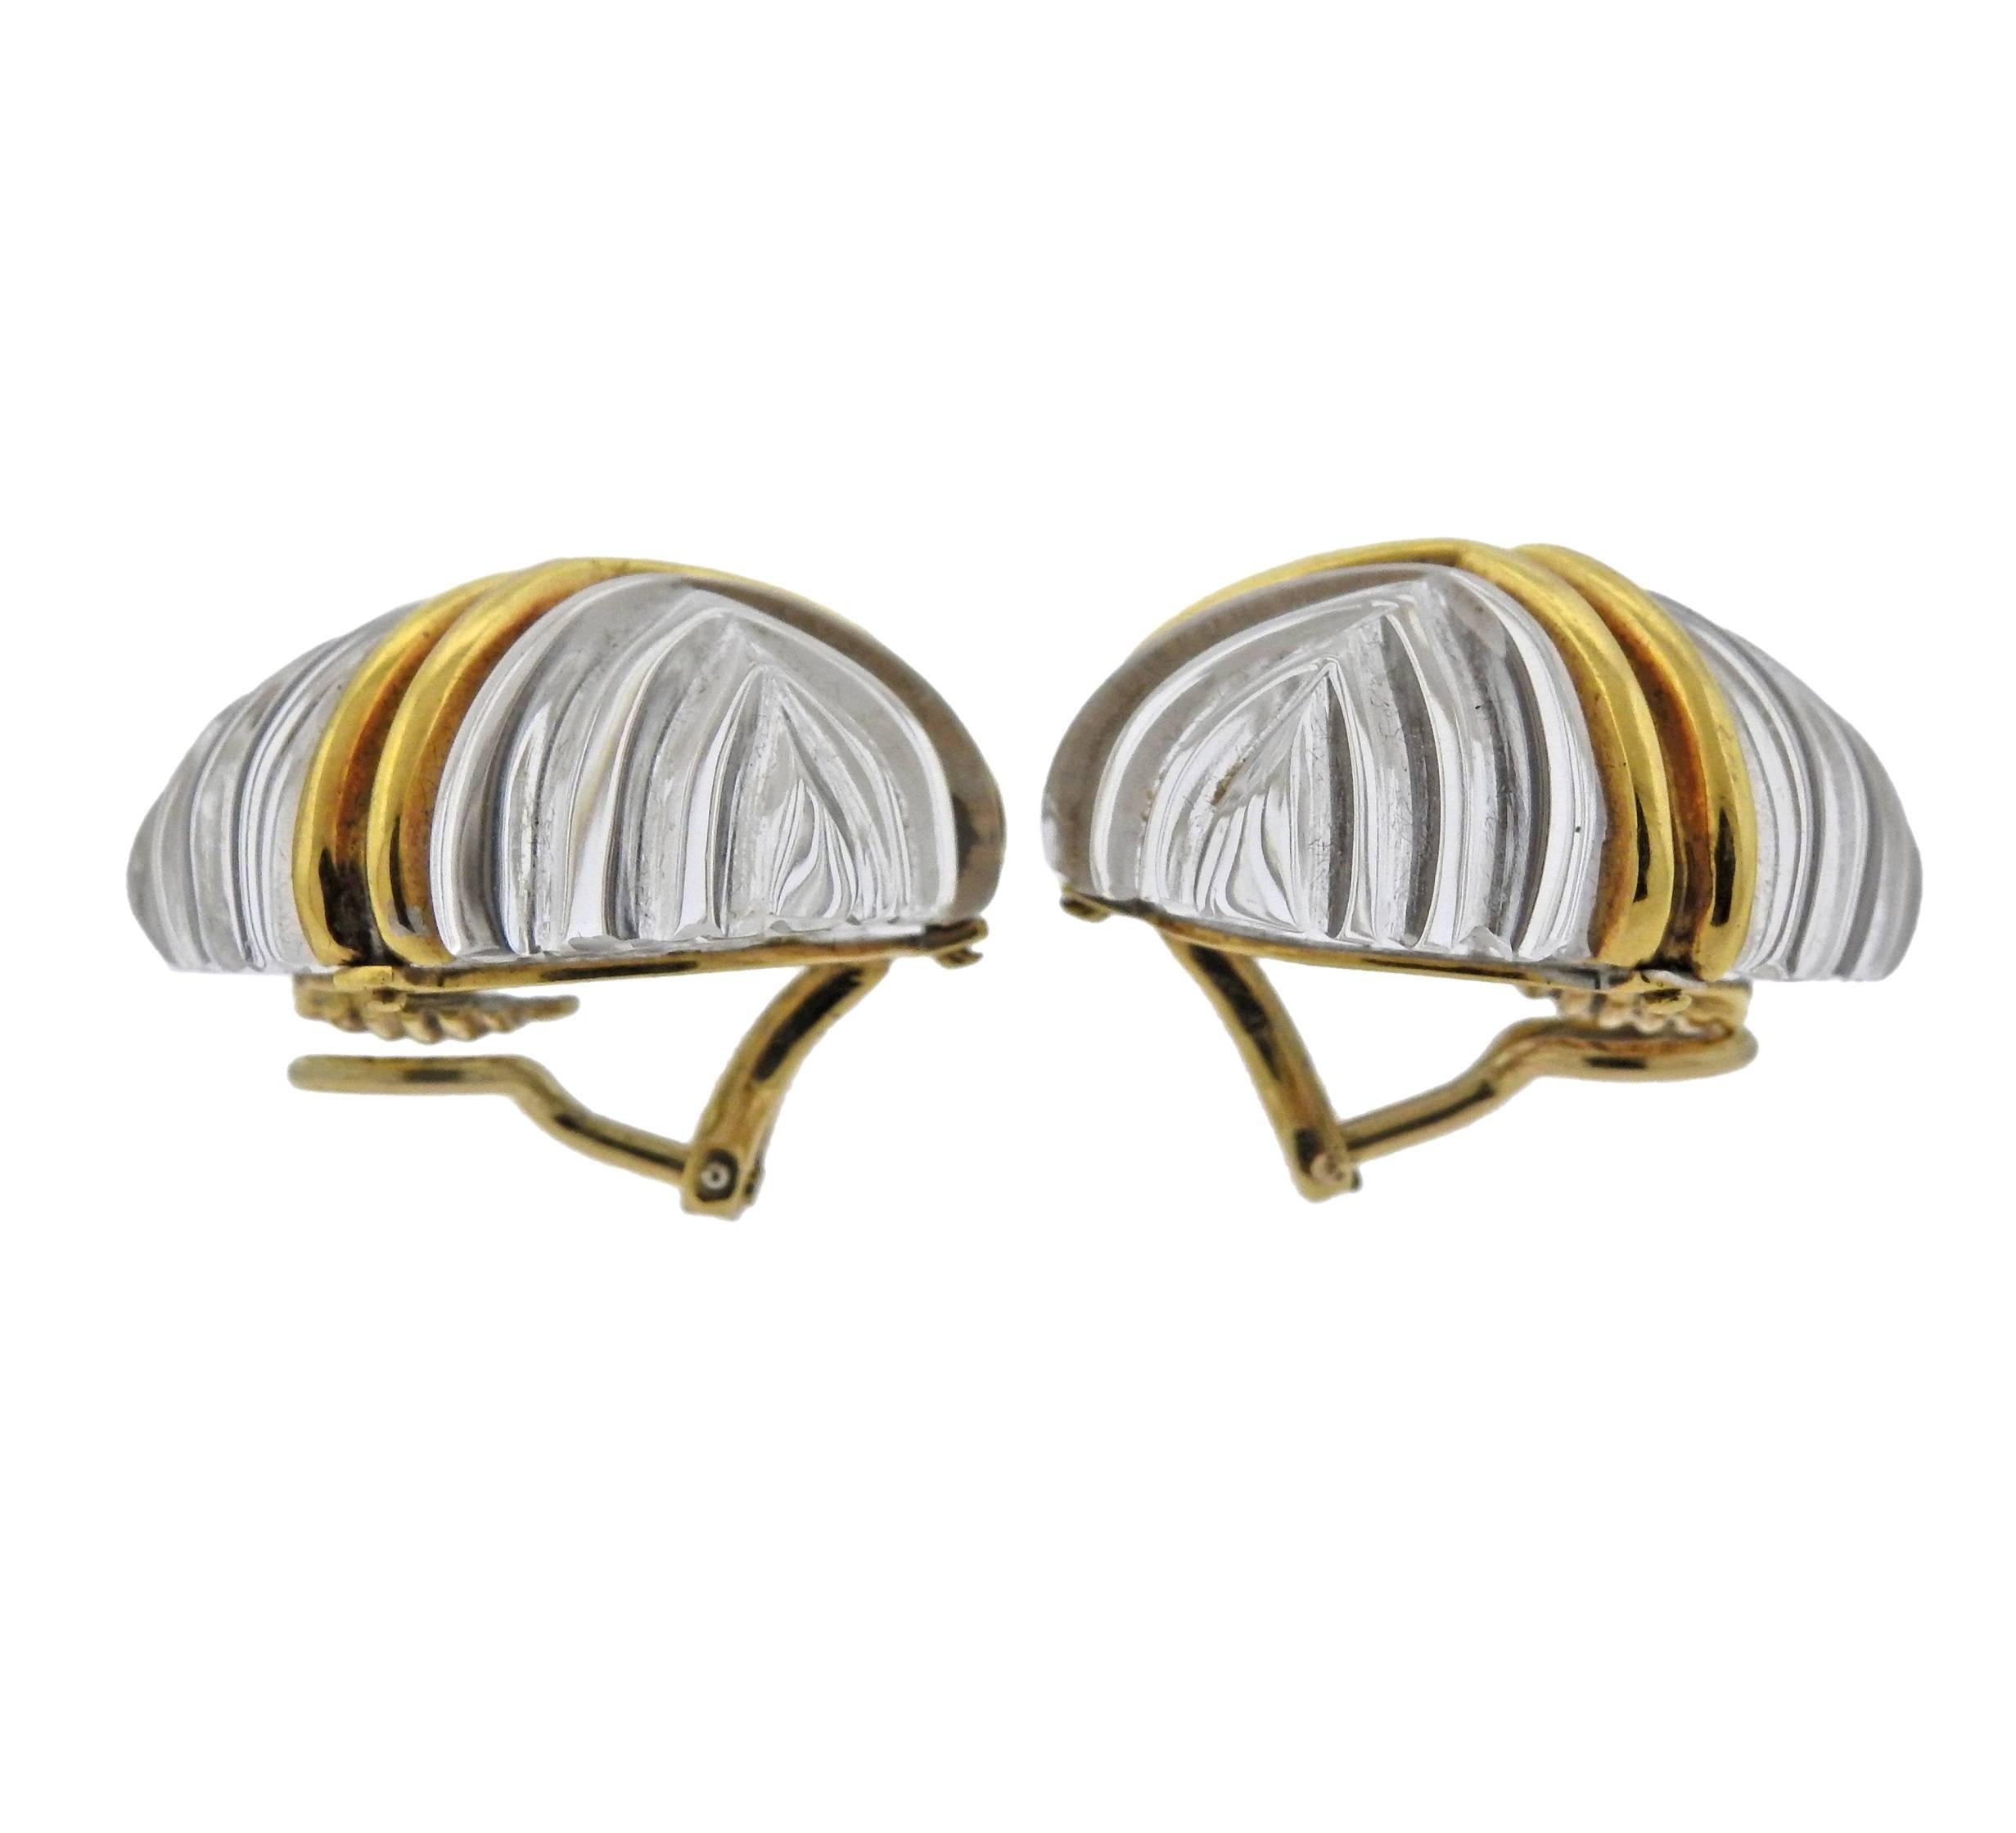 Pair of 18k yellow gold earrings, set with carved crystal. Earrings are 27mm x 27mm, marked: T, 18k. Weight - 32.6 grams.
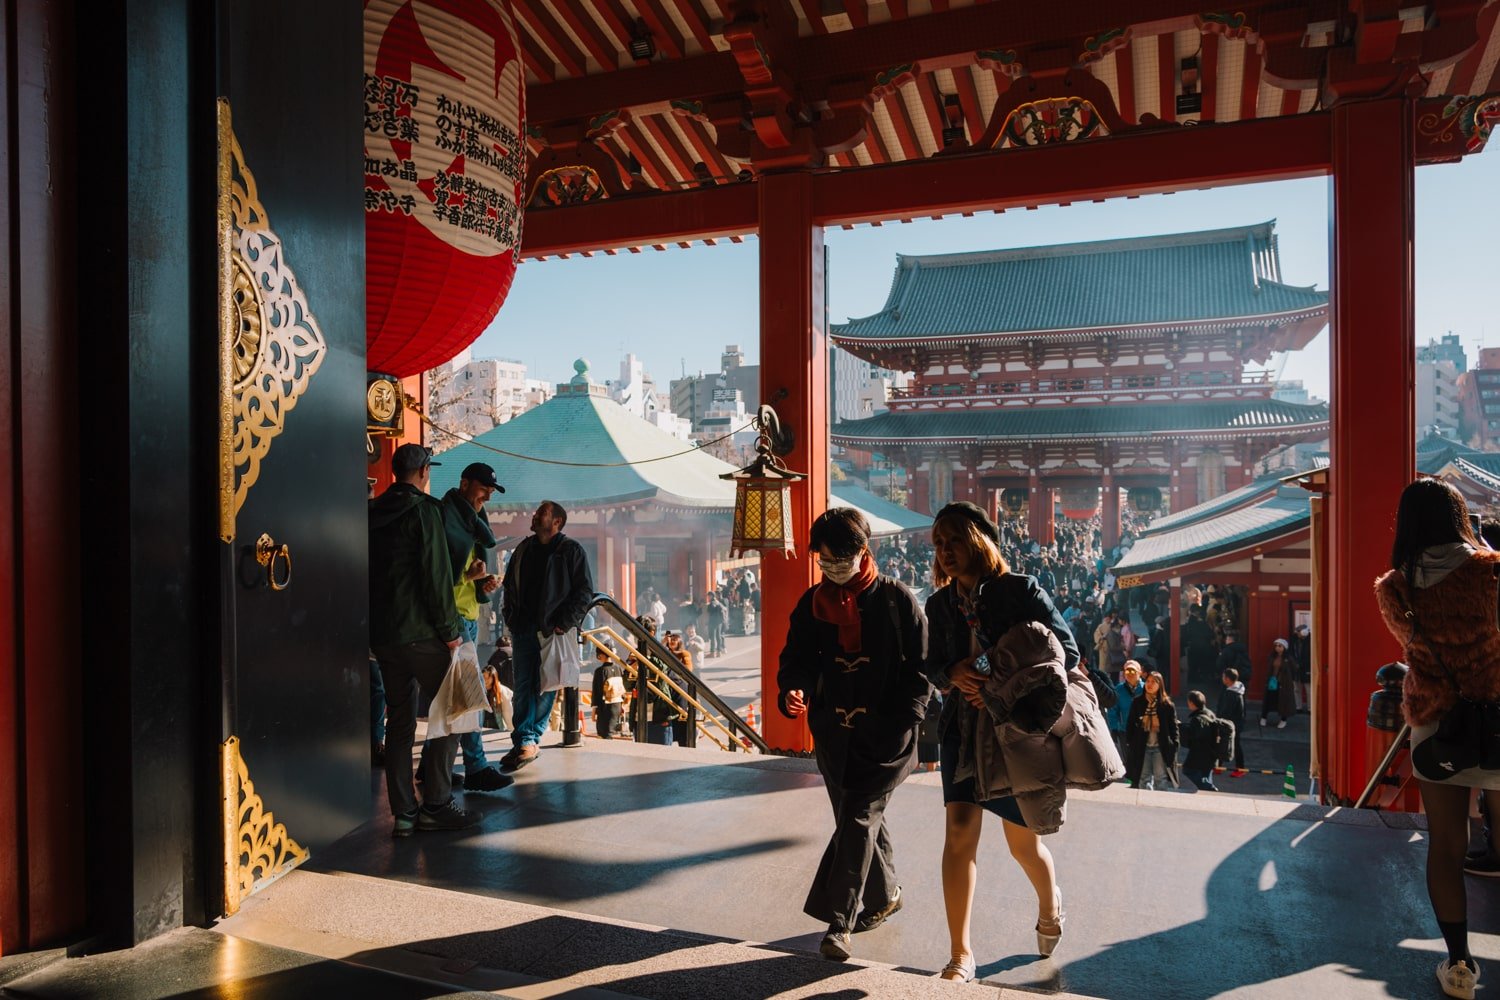 Locals and tourists at the Senso-ji Temple in Asakusa, Tokyo.
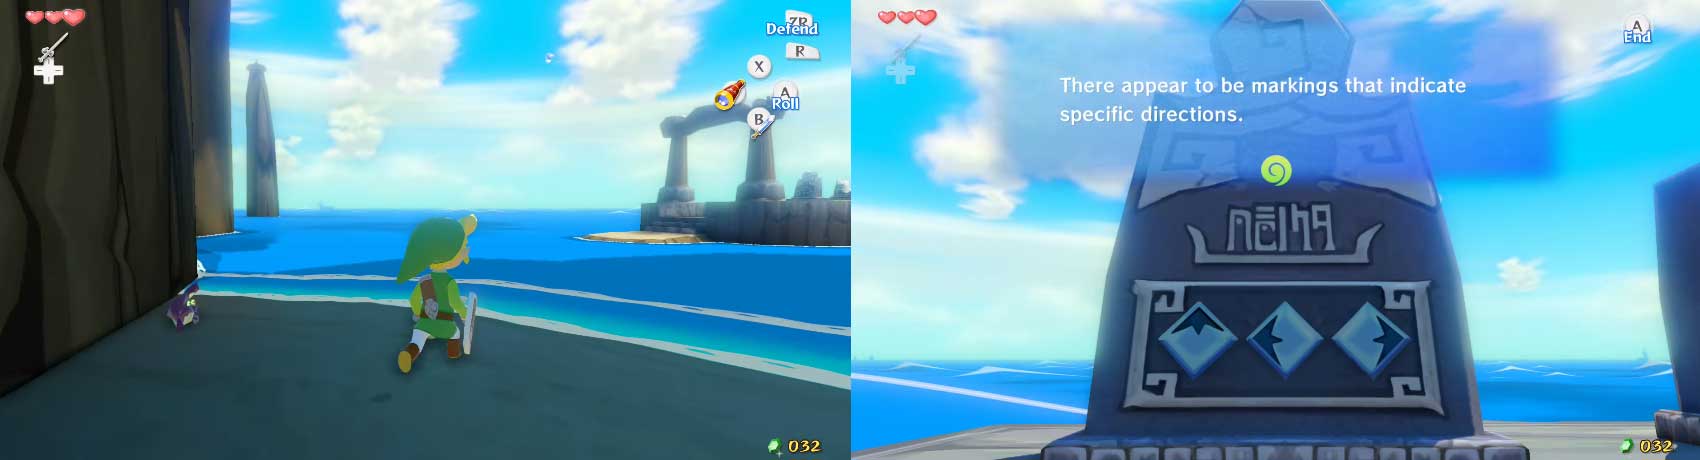 Since you have the Wind Waker, it is time to make use of the shrine behind the island. In front of you is a tunnel; follow it until you reach the coast behind the island. From there, you should be able to spot a tinier island. Swim to it and examine the un-fragmented stone tablet on the left.

:: Exercise details ::
The answer is the run of lines from the one with "Locals and tourists" through the final line of the data, copied exactly, and nothing else; no pictures.

:: Answer ::
 Locals and tourists at the Senso-ji Temple in Asakusa, Tokyo.
 Since you have the Wind Waker, it is time to make use of the shrine behind the island. In front of you is a tunnel; follow it until you reach the coast behind the island. From there, you should be able to spot a tinier island. Swim to it and examine the un-fragmented stone tablet on the left.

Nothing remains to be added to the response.